The task force will bring together more than 20 individuals from the activist, legal, academic, law enforcement, mental and behavioral health and other communities to agree on a set of actionable steps forward within 90 days of the first meeting. 

 

It will focus on making public safety recommendations that build toward equity and justice in five core areas: police policy, practices and culture, police accountability, community healing and engagement, officer training and education, and officer and community wellness.

 

The Stoney administration has also committed to removing the city’s monuments to the Lost Cause. The state allows municipalities to begin the removal process July 1, though the mayor has stated that he supports immediate removal. 

 

Governance:

 

Racial equity should be a core component of city policies and practices.
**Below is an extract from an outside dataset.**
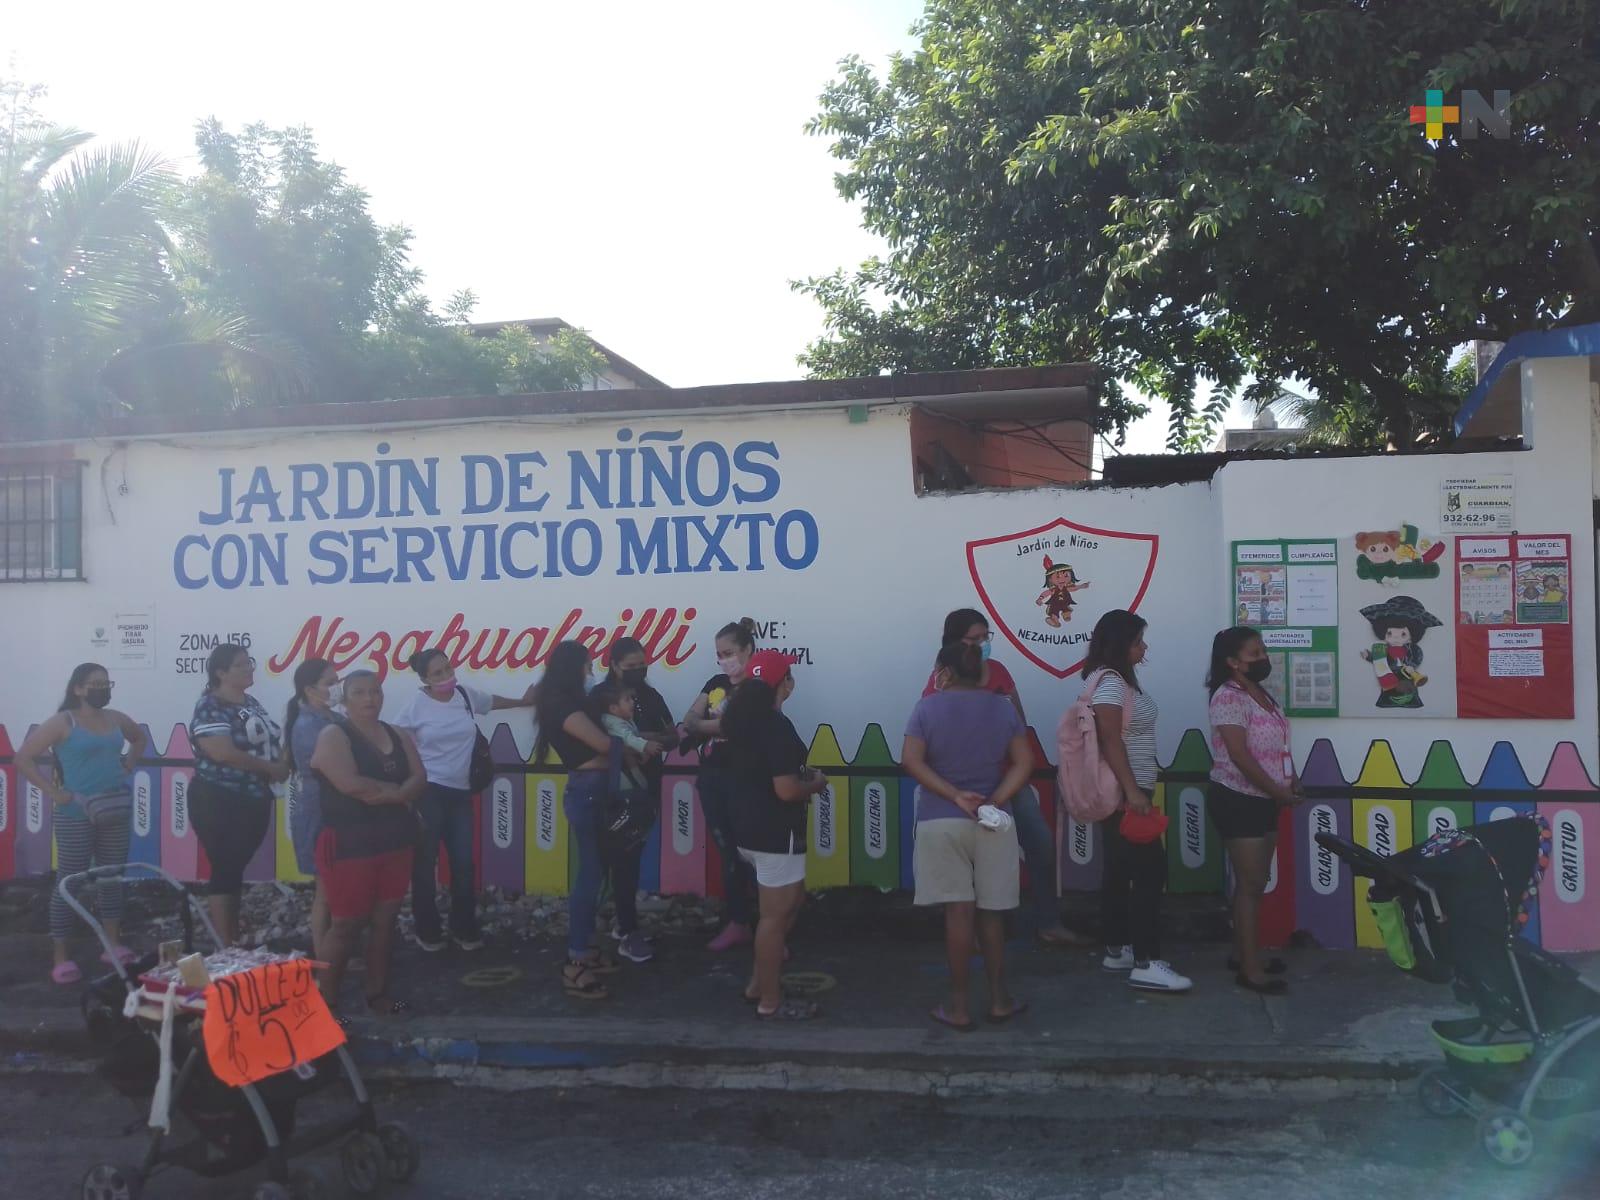 Mal estado de calle provoca accidentes en jardín de niños de Veracruz puerto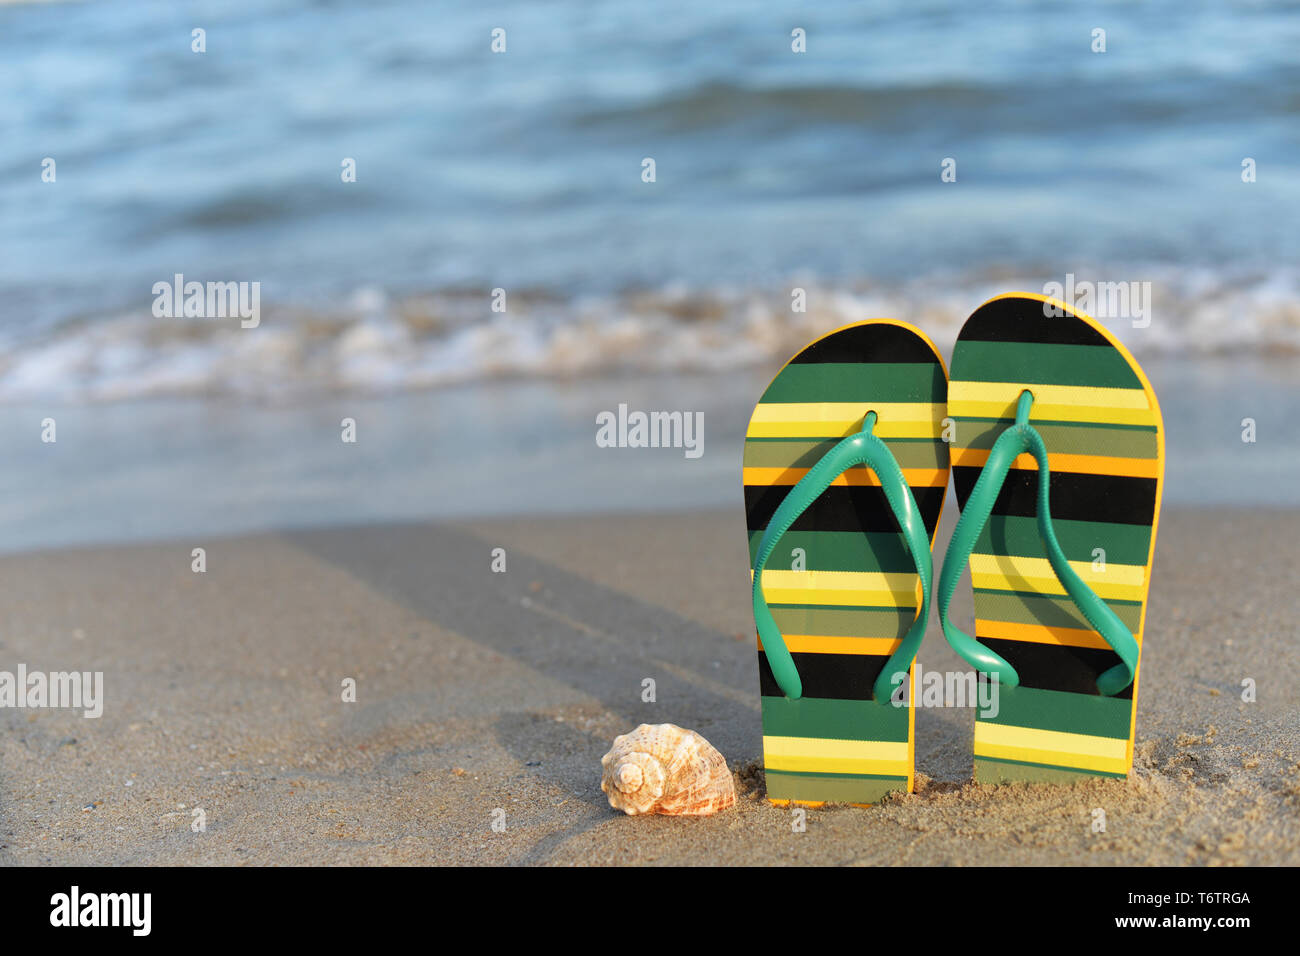 Arte Abstracto Piscina Tribal Print Zapatillas Flip Flop Inicio Zapatos Zapatos para hombre Sandalias Chanclas Playa Vacaciones de Verano

Councilmembers Newbille and Robertson have worked alongside the administration to develop a racial equity strategy for the city, which includes staff training and an equity study, among other measures.

 

As part of this work, Mayor Stoney has asked his executive cabinet to report back to him with several ways in which policies and practices within their portfolios can be changed to actively advance equity.

 

“The issues we have with our public safety system, and with creating racial equity and justice more broadly in our community, do not have an easy or straightforward solution,” Mayor Stoney told council. “It’s going to take compassion, conversation and teamwork to create meaningful change in our city.”

 

“But, the work cannot and will not stop here,” continued Mayor Stoney. “We have to remember that public safety is not the only system that needs to be reformed. We have work to do to ensure that our kids are receiving a high-quality education, that affordable housing opportunities are available across the city for all residents, that city services are delivered in an effective and efficient manner, and that we provide pathways for economic mobility. This is our time, our chance, our opportunity to renew Richmond — to give it new strength and spirit.”